Unlike in writing other essay styles, assertions are required in writing argument and persuasion essays. They direct the layout of your essay.
I can see my essay will layout with anecdotes from the lives of my own children. I will distinguish the characteristics necessary for good emotional development and show how they are present in the divorce. I will contrast my experience raising children in one two-parent household with my experience of raising them in my single-parent household while sharing them with their dad’s household to show increased opportunities for my children’s emotional growth.

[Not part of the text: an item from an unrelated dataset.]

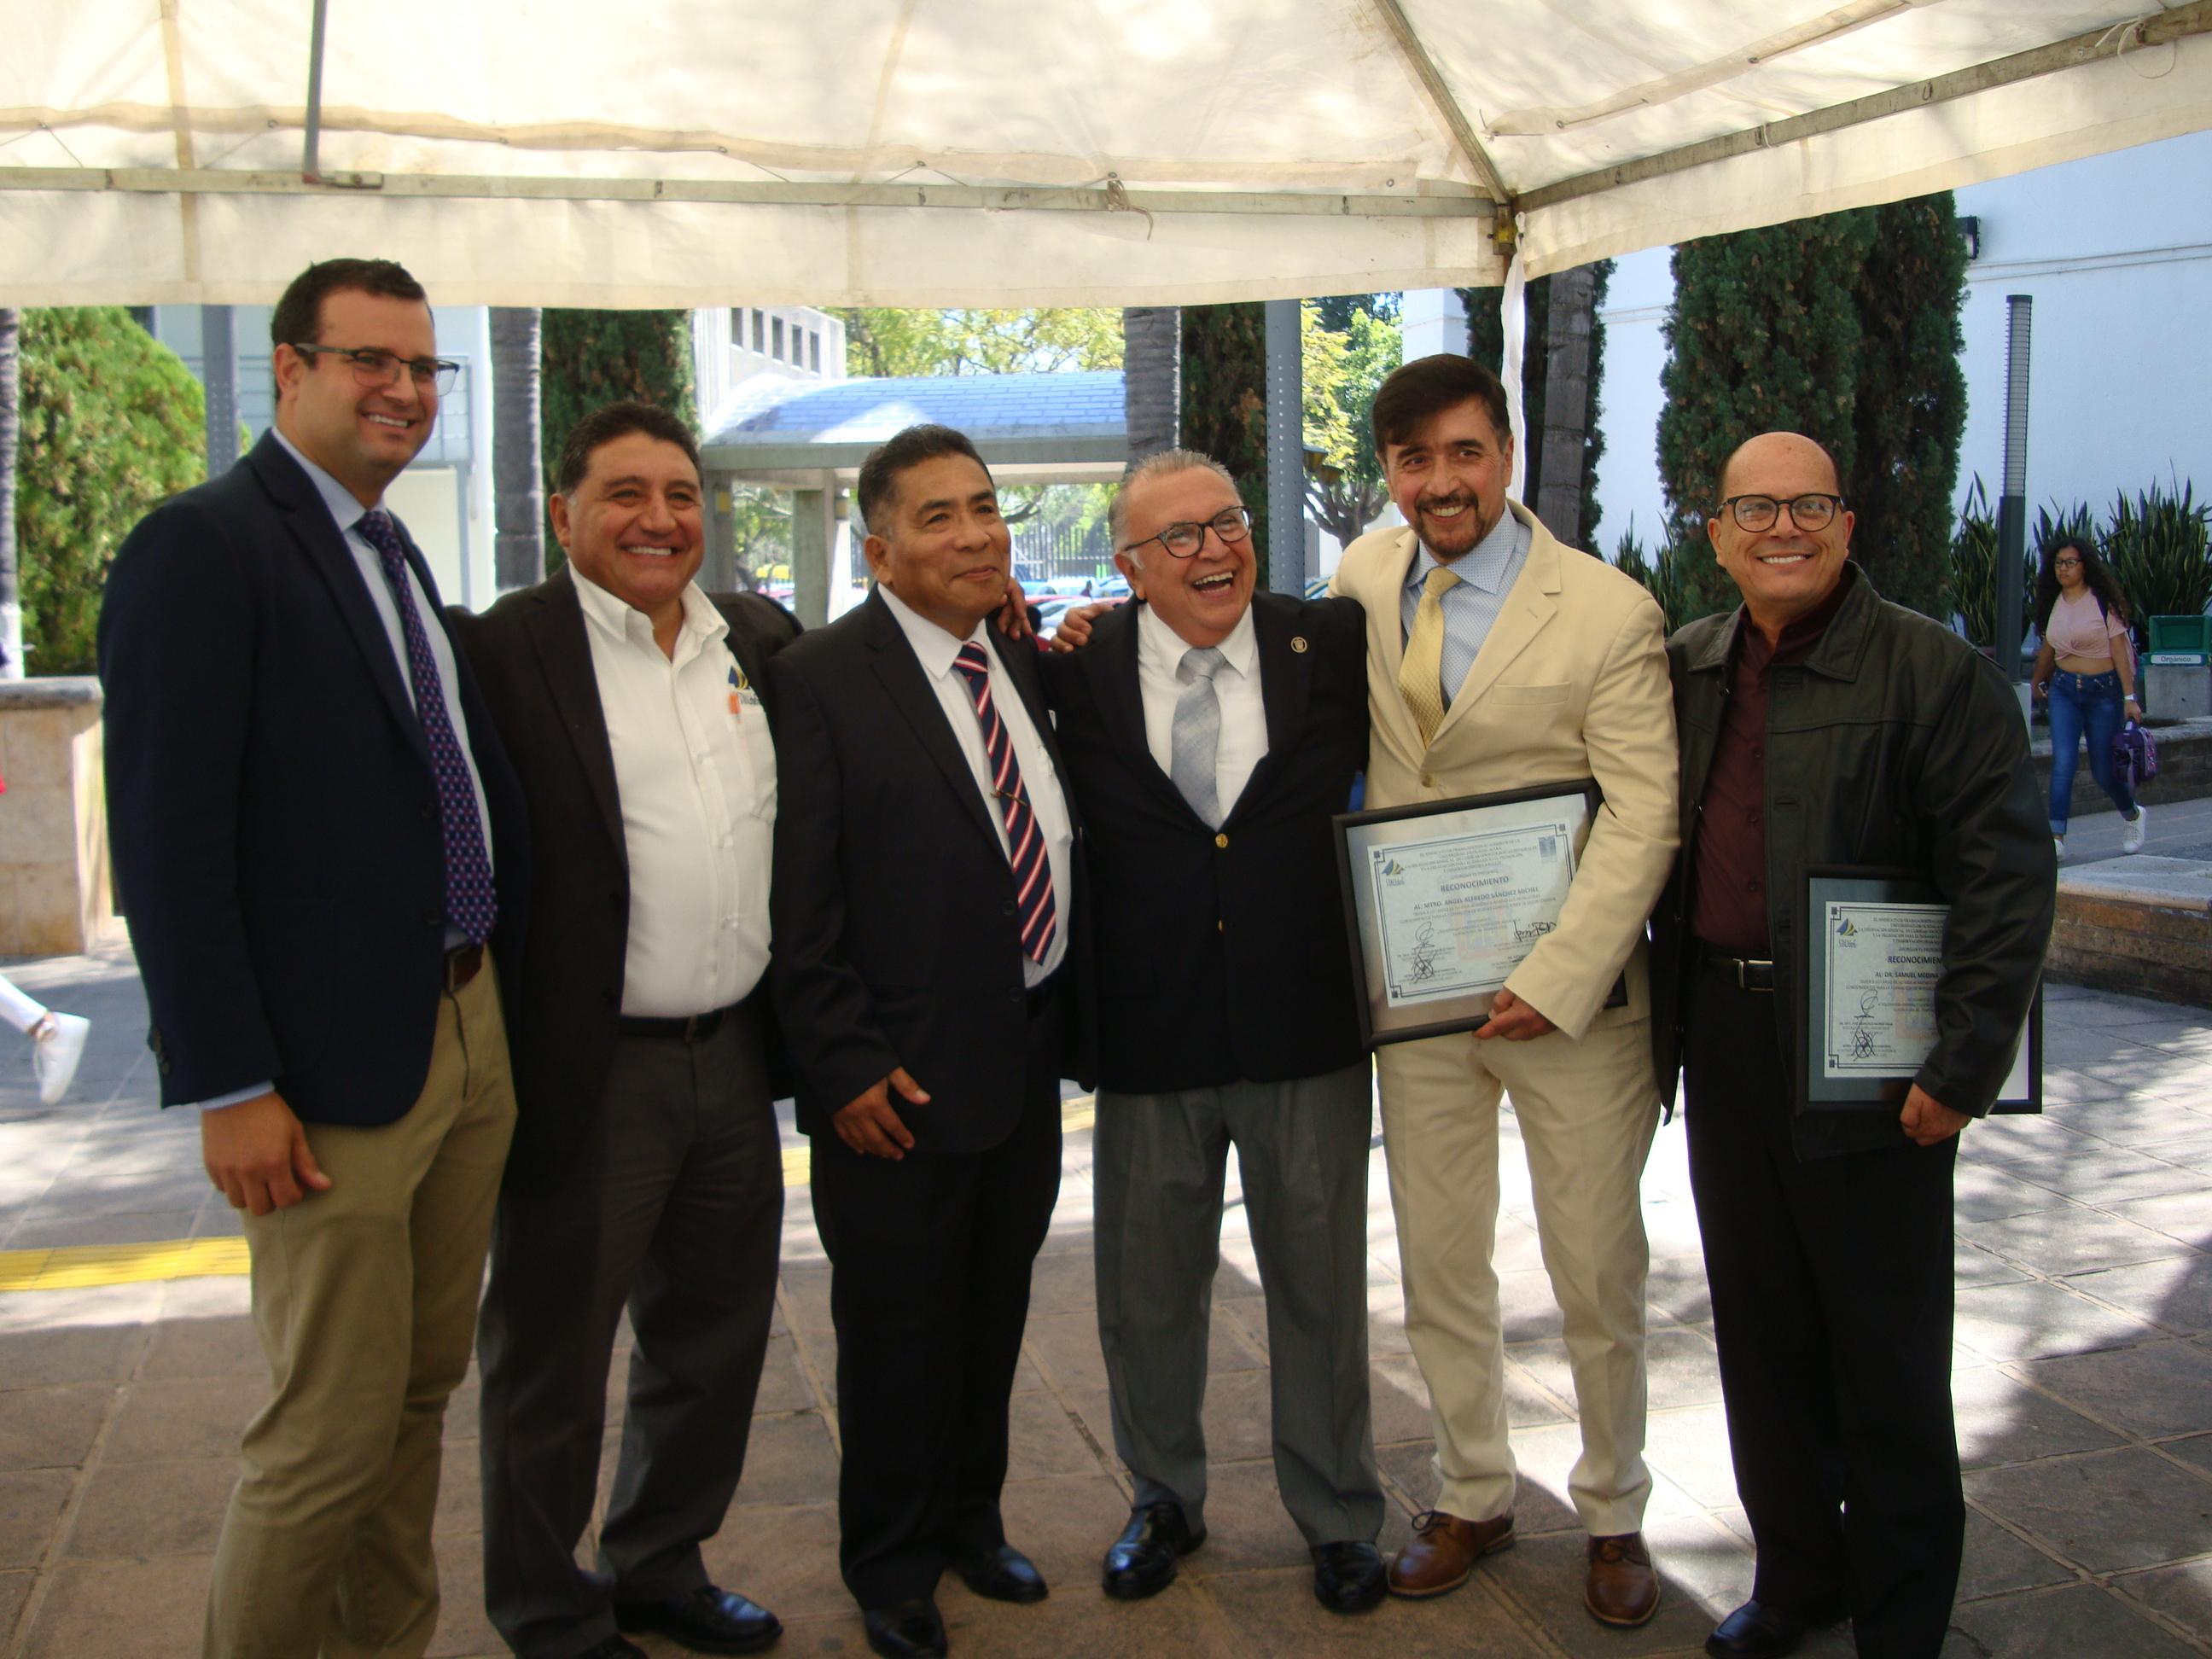 Profesores reconocidos, foto grupal

Assertions are always statements, never incomplete sentences, never questions. I could not write a strong argument if I merely wrote, “Raising children when you divorce.” I could not write a strong argument if I merely asked, “Can a divorce be the opportunity for raising emotionally enriched children?” My answer to that question is yes, but the word “yes” is not a blueprint–it doesn’t tell me the cause and effect or define emotional enrichment. The answer to that question in a full sentence is an assertion. My assertion keeps me focused on what I am going to say to back it up and on the order that will best help me support it. The assertion provides not only a layout plan; it is a lighthouse guiding me away from the rocks of illogic and incoherence.
Write the assertions you can think of concerning your passion items. Select the assertion that most interests you. There are two more exercises ahead before you start writing.
Your personal experience may include the following information to support your assertion or you might seek some of this information as you are writing:
1) the testimony of experts, authorities, and others who should know
2) statistics
3) comparisons of essential nature (an essay I read compared all of us who use up the planet’s resources to airplane mechanics who pop rivets off a plane say there are plenty more to keep the plane together)
4) the history of how something happened
5) the effects of something that happened
6) solutions to a problem
7) an account of the opposition’s argument (the chorus of voices I spoke about earlier) and way of thinking
8) your counter to that point of view.
By reporting opposing points of view, you show your astuteness and your respect for differences of opinion. This invites readers to consider your opinion. Providing the opposition’s point of view credits you; it shows you have looked deeply into your situation.
To start developing your essay, write your assertion across the top of a blank page. Then list the supports and evidences you might use in making your argument.
This process may have some surprises for you. Sometimes you’ll make an assertion you feel strongly about, but when you begin to support it, you’ll find you have more ammunition for the opposite side. Well, switch sides then!
Now that you have written your assertion and thought up supports for it, decide on the order you will use to present the supports for a powerful argument. A good strategy is to put your strongest support first and tuck in the weakest next. Then you can put your third strongest support in and after that your second strongest. This will help you get the reader’s attention and keep it. You don’t want to let your argument wind down or fizzle out by exhausting your best arguments first.
After you develop your argument based on your first round of response, get additional response. Then you might want to leave this piece alone for several days. When you come back to it, are you still persuaded? Does this writing represent what you believe? Can you see the importance of what you have lived now that you have written it in this style?